Macron, Biden say West will ‘never persuade Ukraine’ to unacceptable compromise with Russia. “We will never call on Ukrainians for a compromise that will be unacceptable. Because they are defending their lives, nation, and our principles, and because this will never lead to lasting sustainable peace,” French President Emmanuel Macron said during a joint press conference with U.S. President Joe Biden.

France, its partners discuss creation of special tribunal for Russia’s crimes. France has started to work with international partners, including Ukraine, on a proposal to set up a special tribunal to investigate Russia’s war crimes during its full-scale war, the French Foreign Ministry reported. “We mobilized in support of both the Ukrainian justice system and the International Criminal Court, which are competent to conduct impartial and independent investigations so that those responsible for these crimes are held accountable,” reads the report.

Germany to supply Ukraine with bridge-laying tanks, border protection vehicles. Germany has handed over to Ukraine unmanned surface vessels, some bridge-laying tanks and dozens of border protection vehicles as part of their new batch of military aid, according to a statement posted on the German government website.

Spanish minister: Letter bombs won’t change decision to help Ukraine. Spanish Defense Minister Margarita Robles said on Dec. 1 that no letters with explosives or any other violent actions would change the country’s “firm and clear” commitment to support Ukraine in its defense against Russian aggression, BBC reported.

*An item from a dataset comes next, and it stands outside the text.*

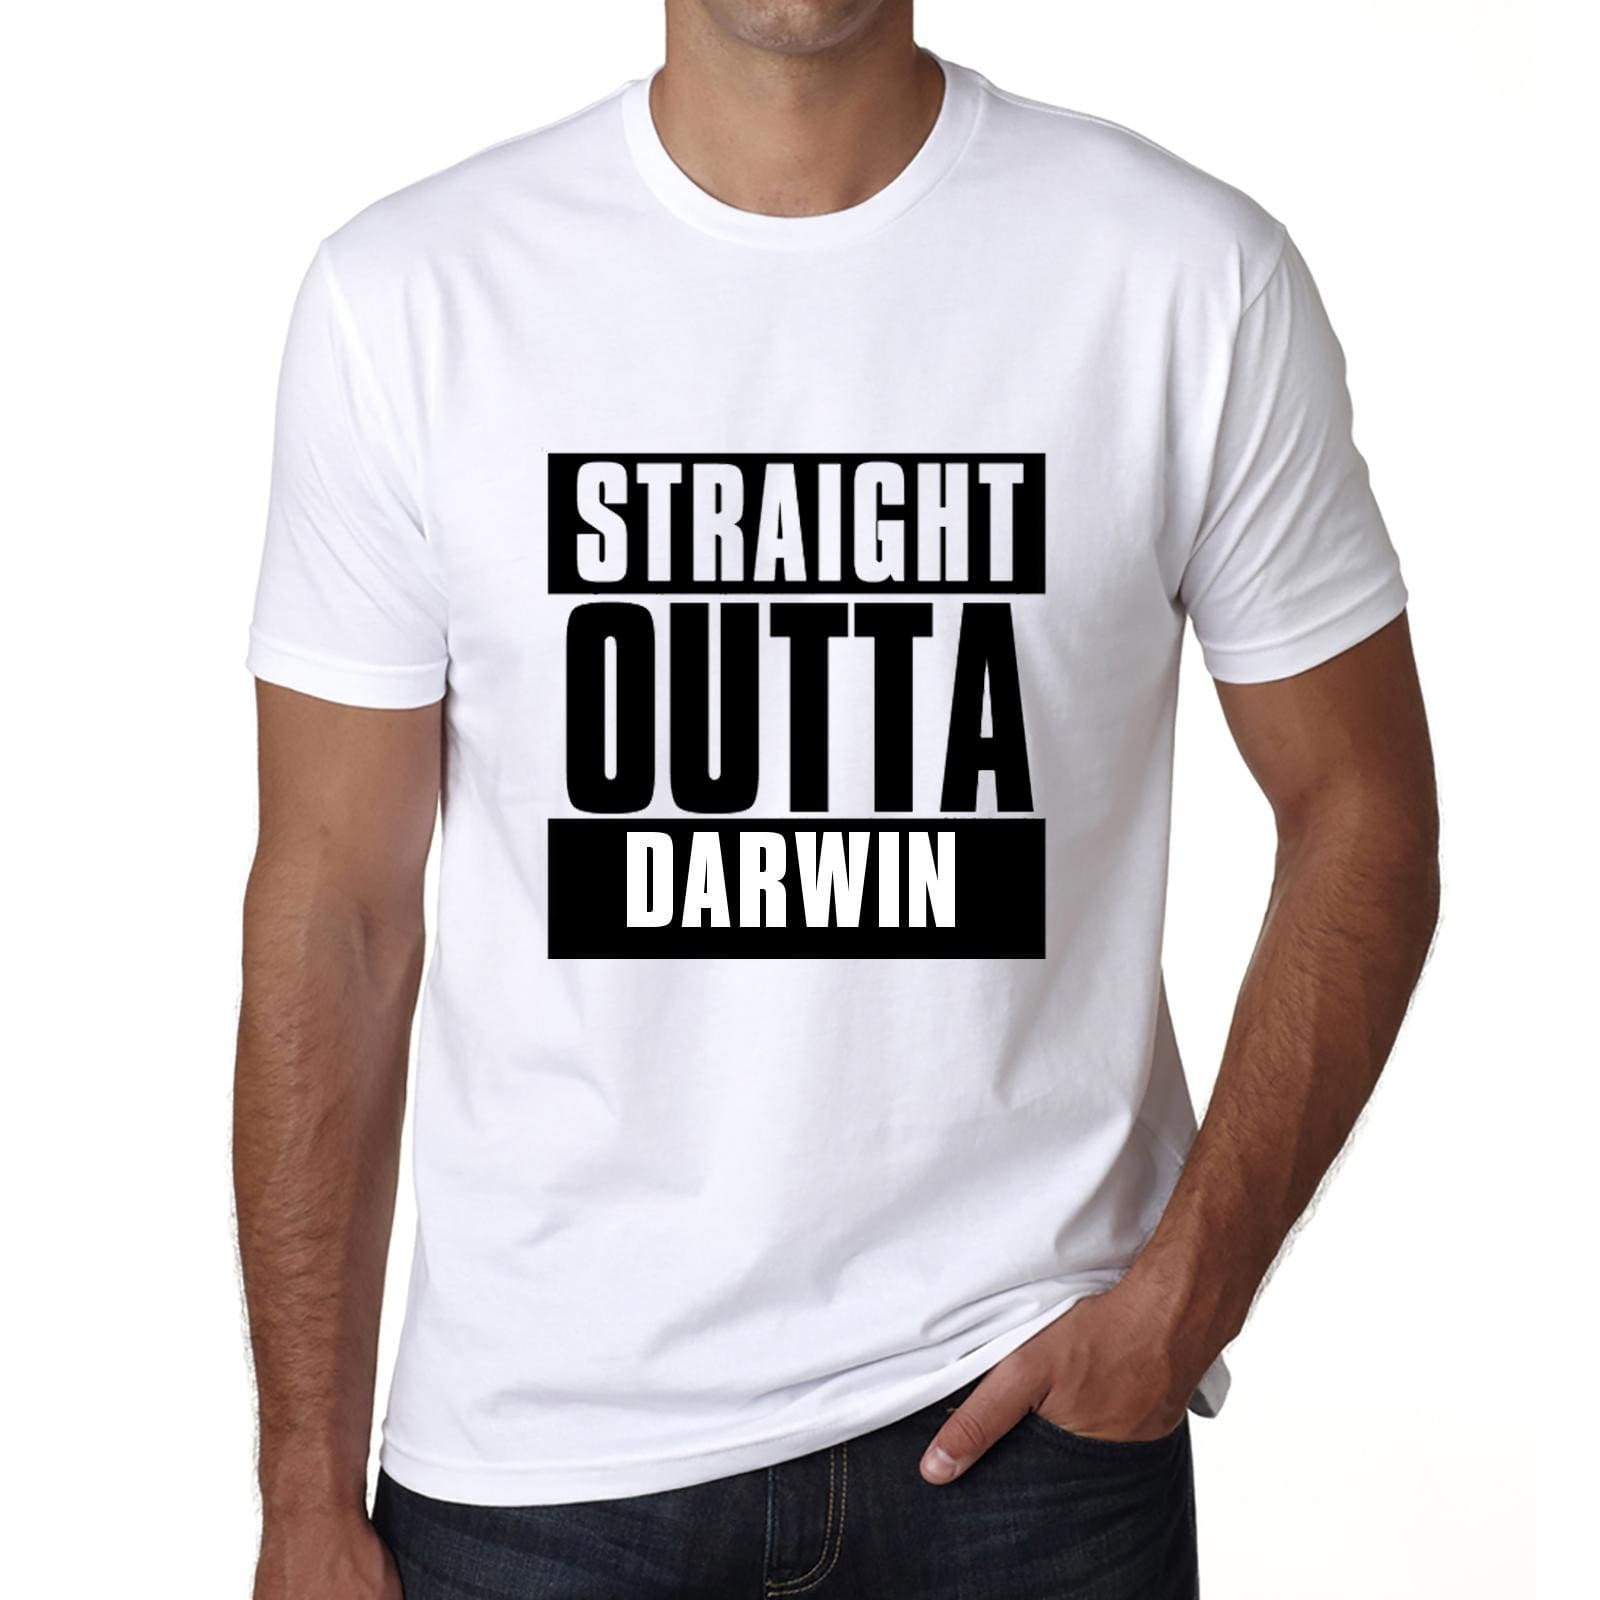 Straight Outta Darwin Mens Short Sleeve Round Neck T-Shirt 00027 - White / S - Casual

Reuters: EU governments ‘tentatively’ agree on $60 a barrel price cap on Russian seaborne oil. The decision envisages an adjustment mechanism to keep the cap at 5% below the market price, according to diplomats and a document seen by Reuters.

Ukrainian soldiers to train on Czech territory. The Czech Republic’s parliament on Dec. 1 approved a proposal to train Ukrainian soldiers in the country and deploy Czech soldiers in European Union member states to train Ukrainian service members, Radio Prague International reported.

Switzerland freezes almost $8 billion in Russian assets under EU sanctions. Switzerland has frozen financial assets worth nearly $8 billion as a response to Russia’s invasion of Ukraine, the State Secretariat for Economic Affairs (SECO) said on Dec. 1. Fifteen Russian properties have also been blocked as of Nov. 25, the agency reported.

In other news

Ukrainian authorities seek to ban Moscow-backed church amid Russian invasion. Ukraine’s National Security and Defense Council has proposed banning Russian-affiliated religious groups, President Volodymyr Zelensky said in his evening address on Dec. 1. The most significant of the groups is the Ukrainian Orthodox Church of the Moscow Patriarchate, an affiliate of the Russian Orthodox Church.

SBU finds Russian propaganda, xenophobic literature in Moscow Patriarchate monastery in Zakarpattia Oblast. The Security Service of Ukraine said it had found brochures where Ukraine’s right to independence is denied, while stating that Russia, Ukraine, and Belarus “cannot be divided.”

Parliament appoints Infrastructure Minister Kubrakov as Deputy PM for restoration of Ukraine. Oleksandr Kubrakov has served as Infrastructure Minister since May 2021.